» YOUR INSTRUCTIONS: Directions for the data below: repeat exactly the lines from the one with "for Women Earrings" through the one with "123150P080 - Bracket, engine", both included, and omit all pictures.

** RECORDED INFORMATION follows **

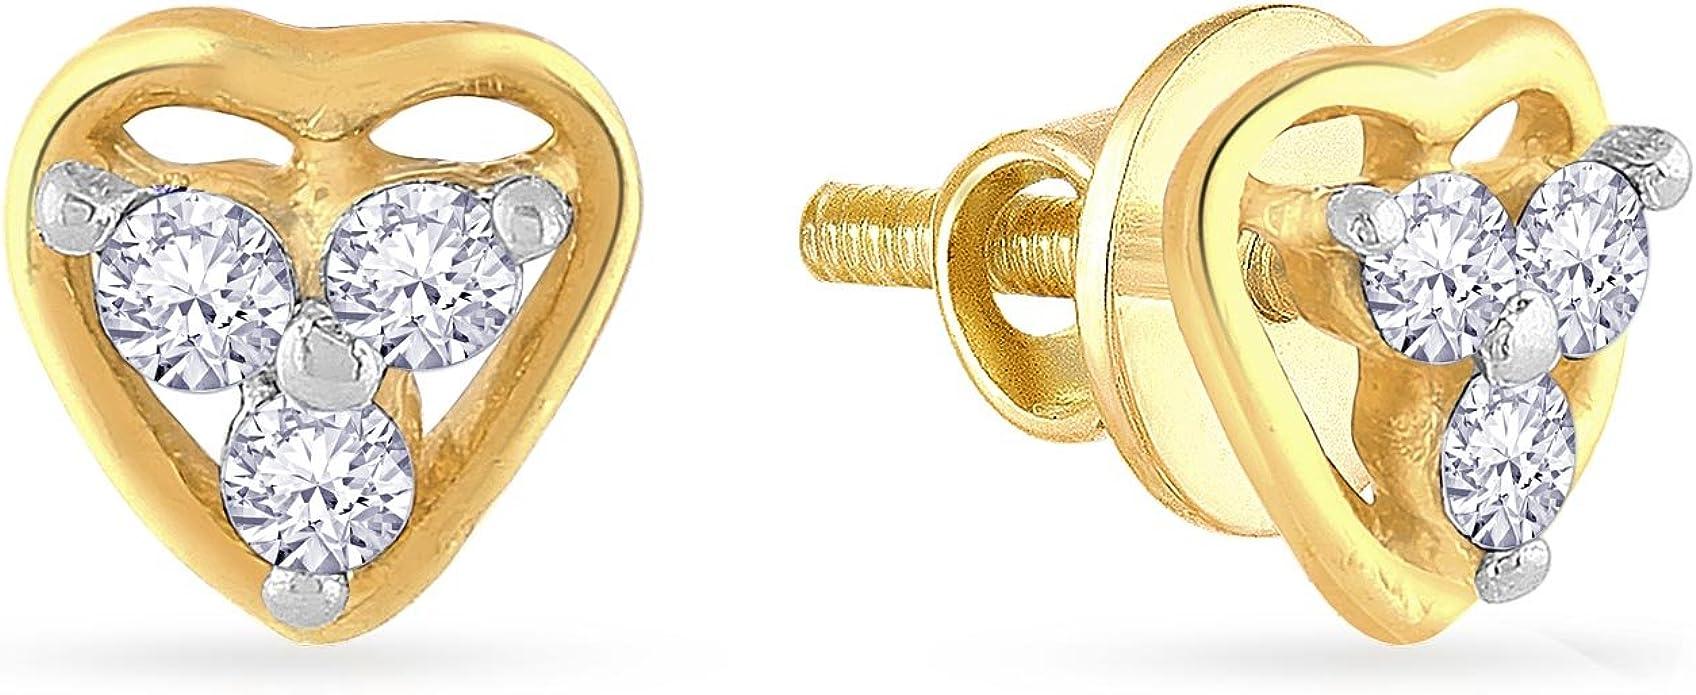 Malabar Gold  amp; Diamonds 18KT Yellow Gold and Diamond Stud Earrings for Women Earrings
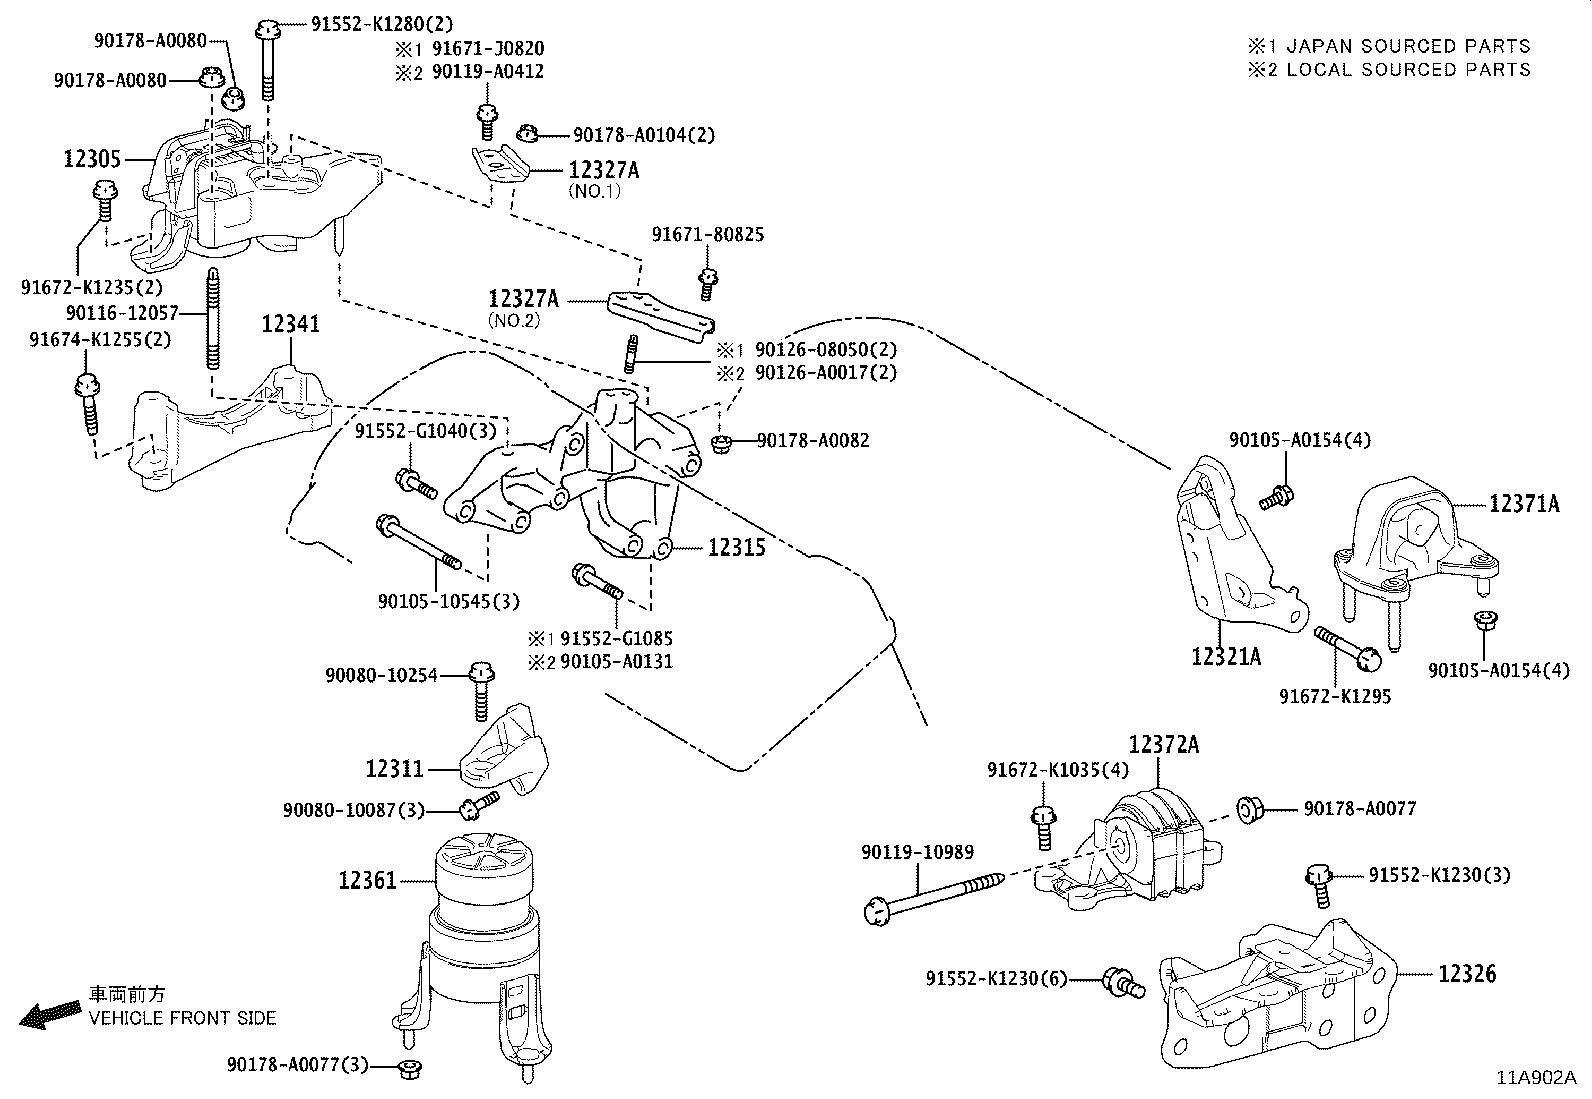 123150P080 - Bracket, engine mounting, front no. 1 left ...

** End of RECORDED INFORMATION **
** RECORDED INFORMATION follows **

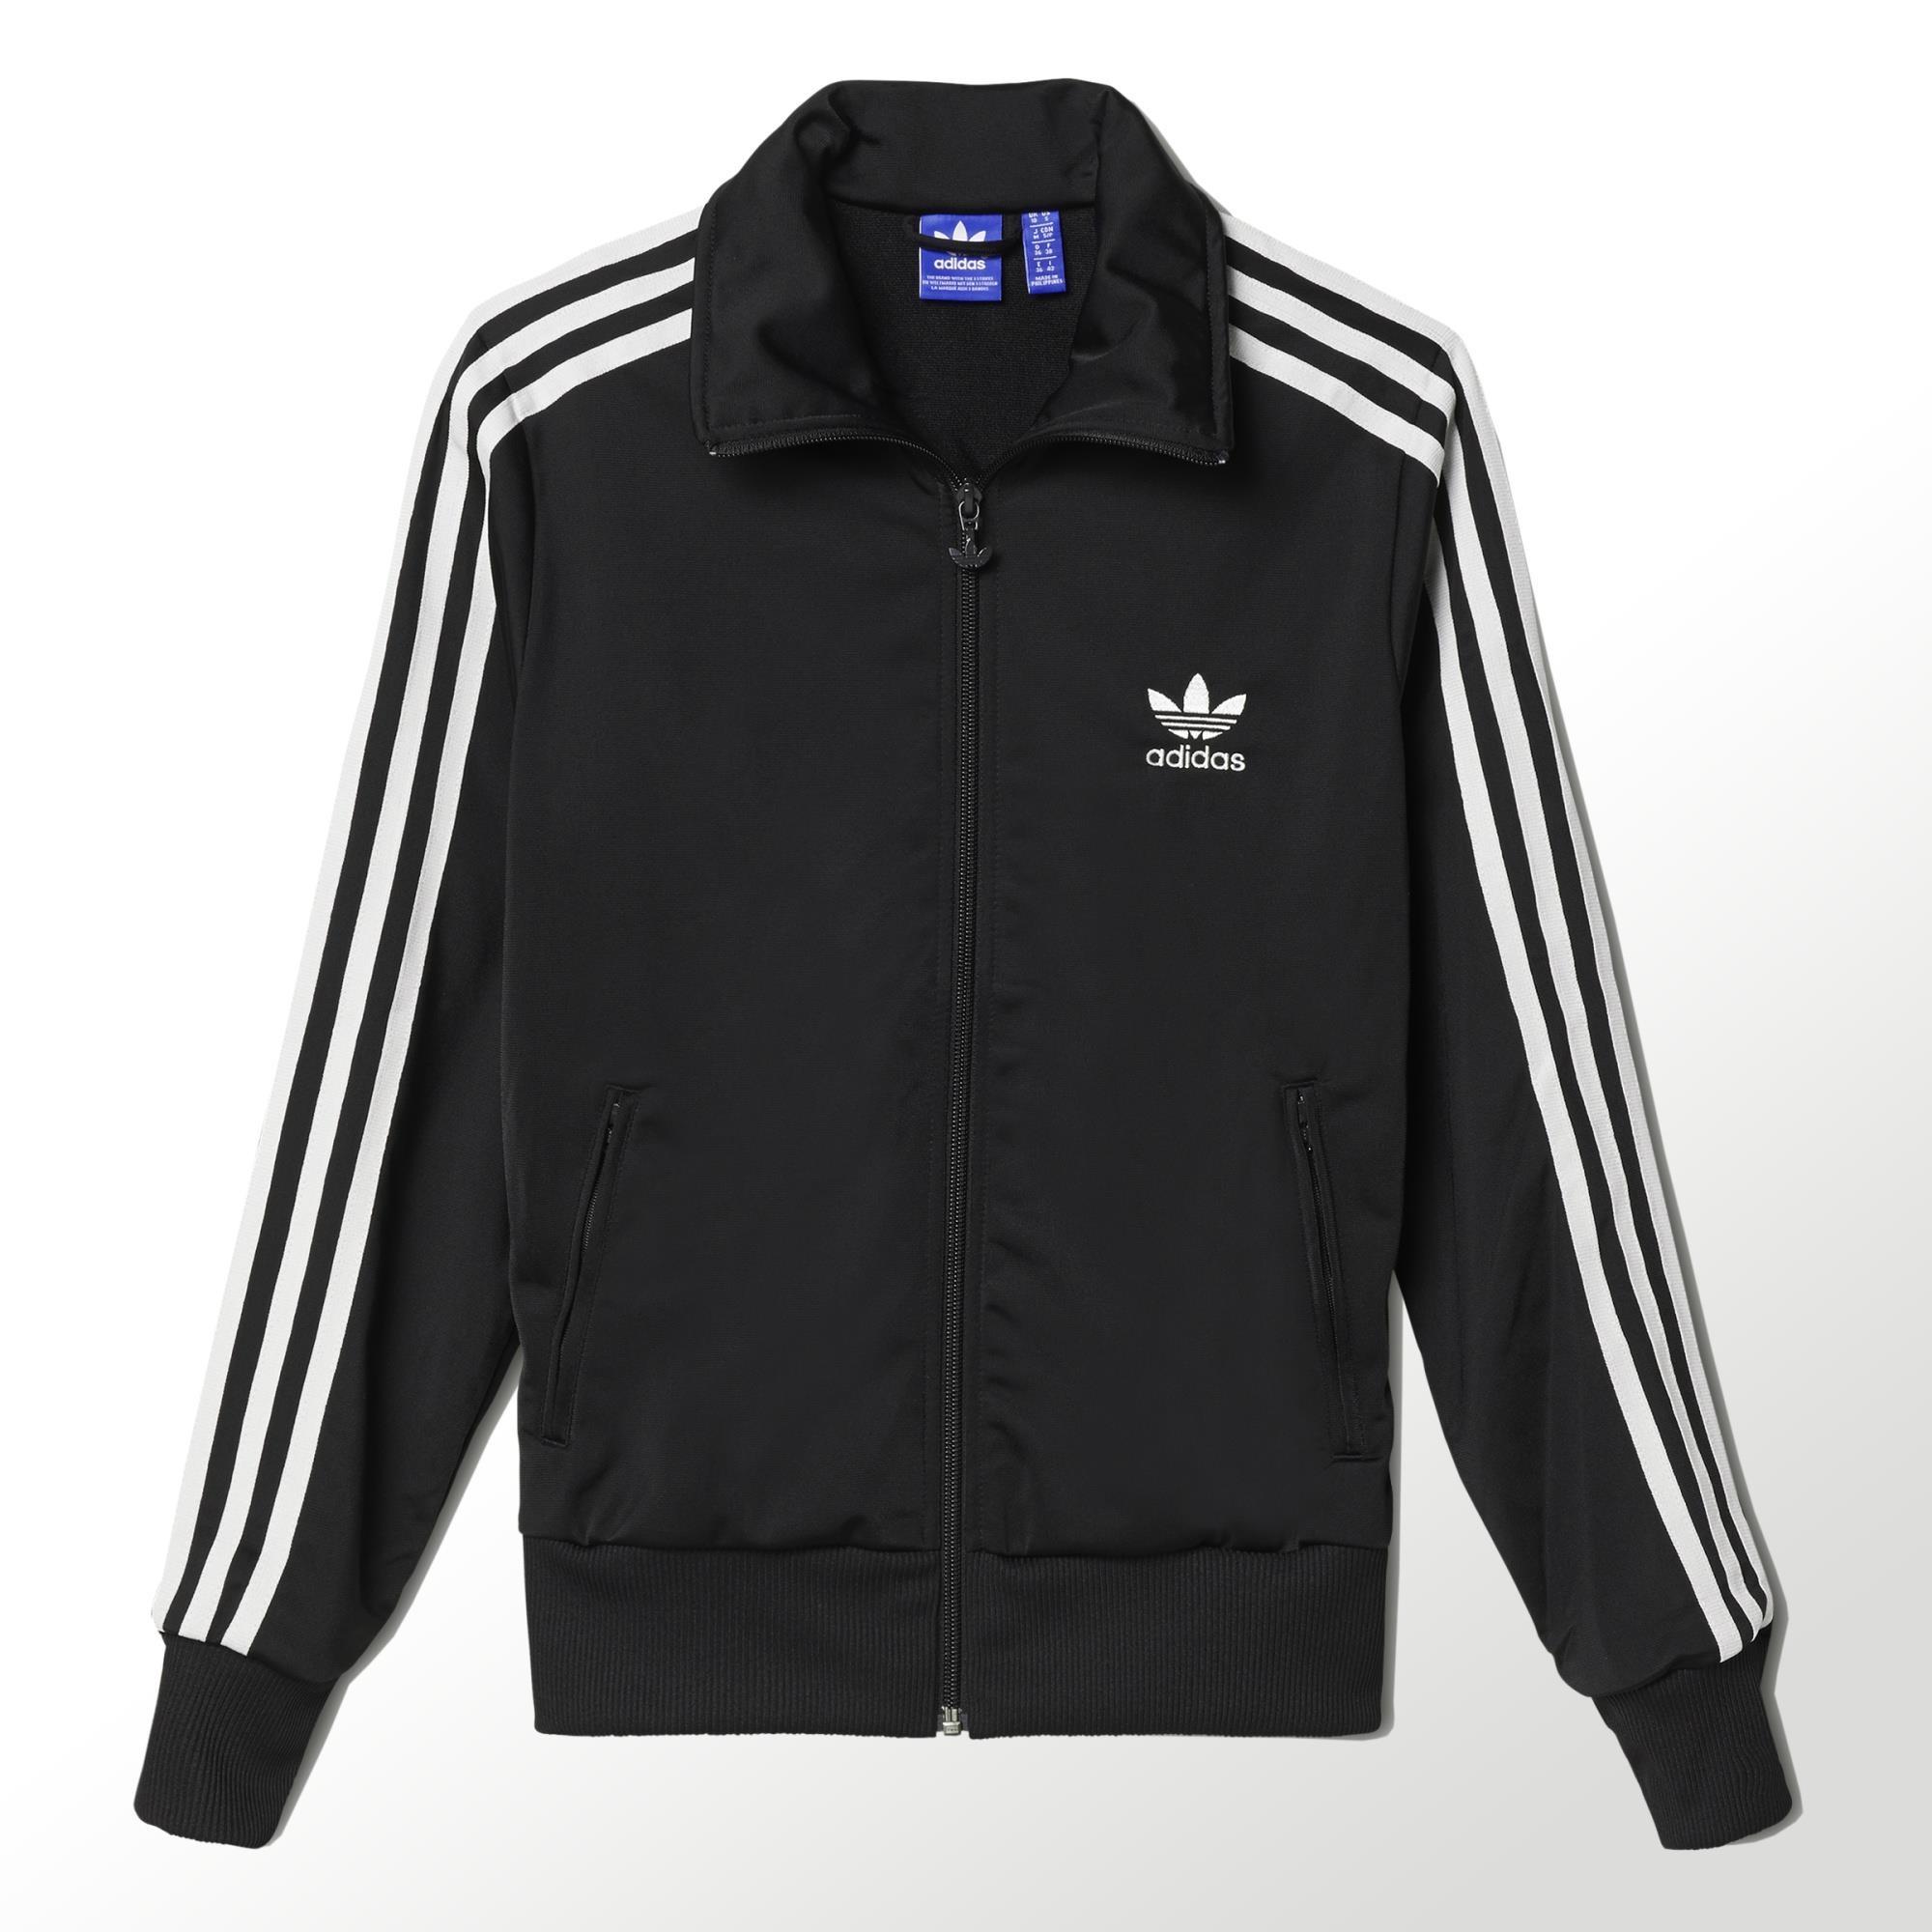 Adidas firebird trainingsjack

** End of RECORDED INFORMATION **
** RECORDED INFORMATION follows **

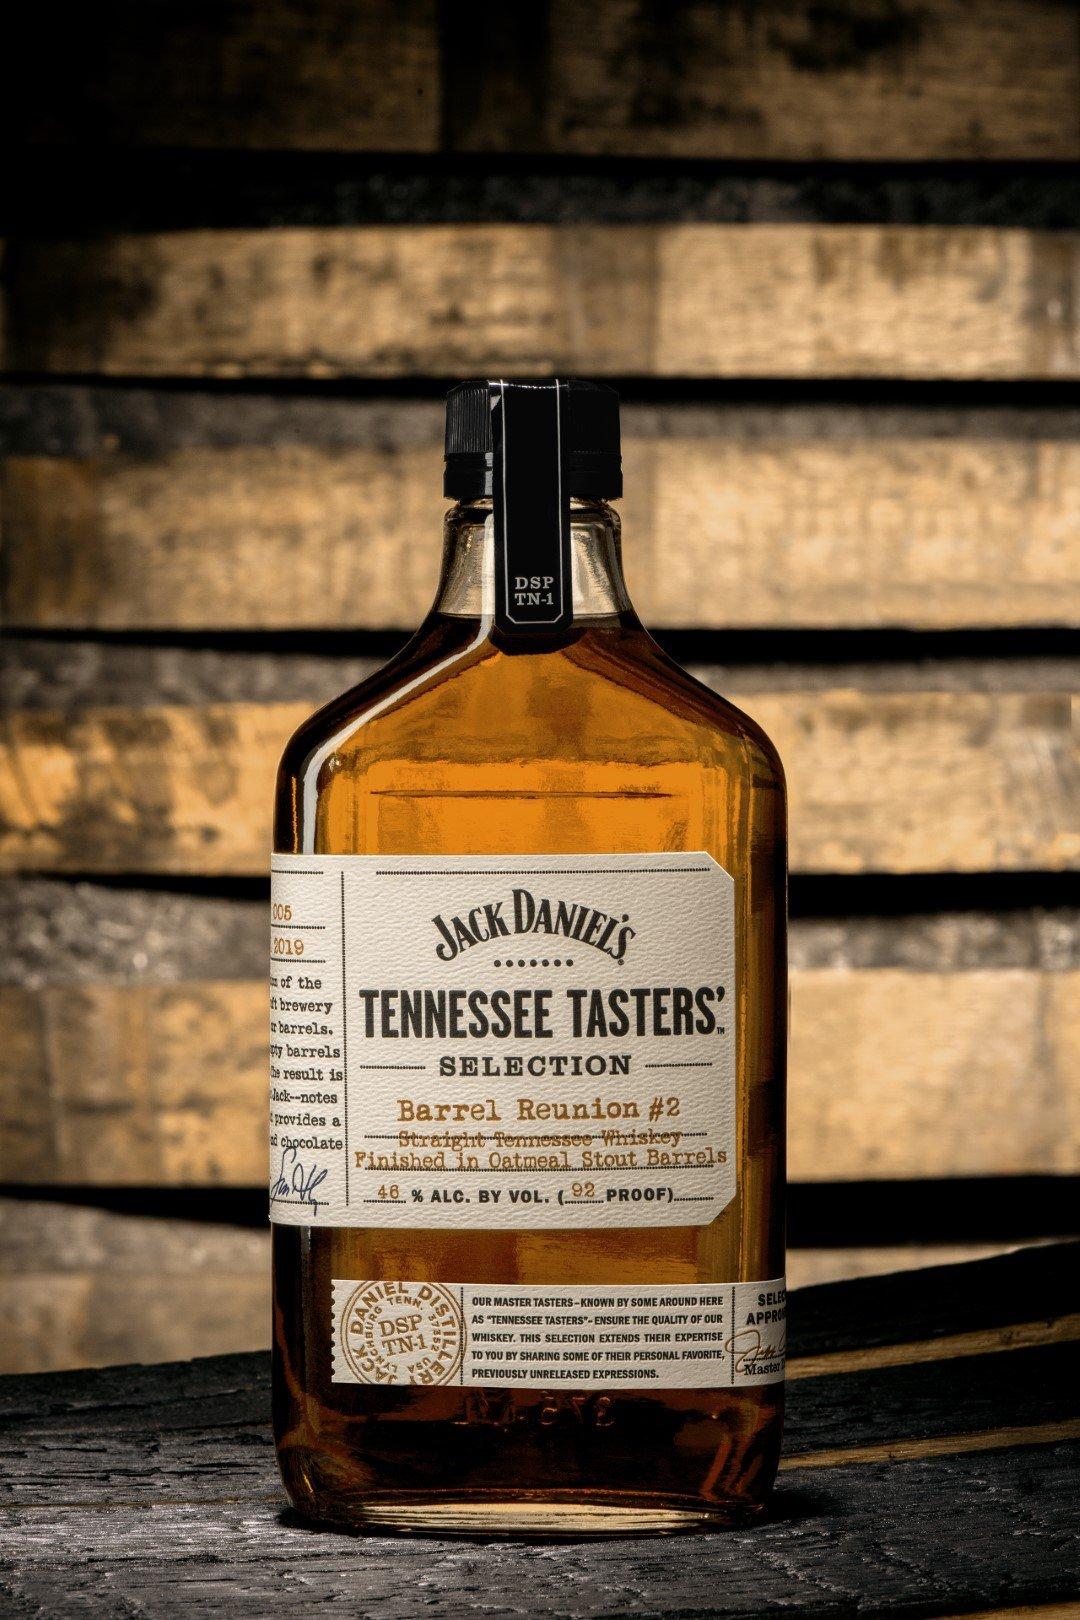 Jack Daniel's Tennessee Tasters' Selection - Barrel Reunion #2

** End of RECORDED INFORMATION **

» SOLVED PROBLEM:
 Malabar Gold  amp; Diamonds 18KT Yellow Gold and Diamond Stud Earrings for Women Earrings
 123150P080 - Bracket, engine mounting, front no. 1 left ...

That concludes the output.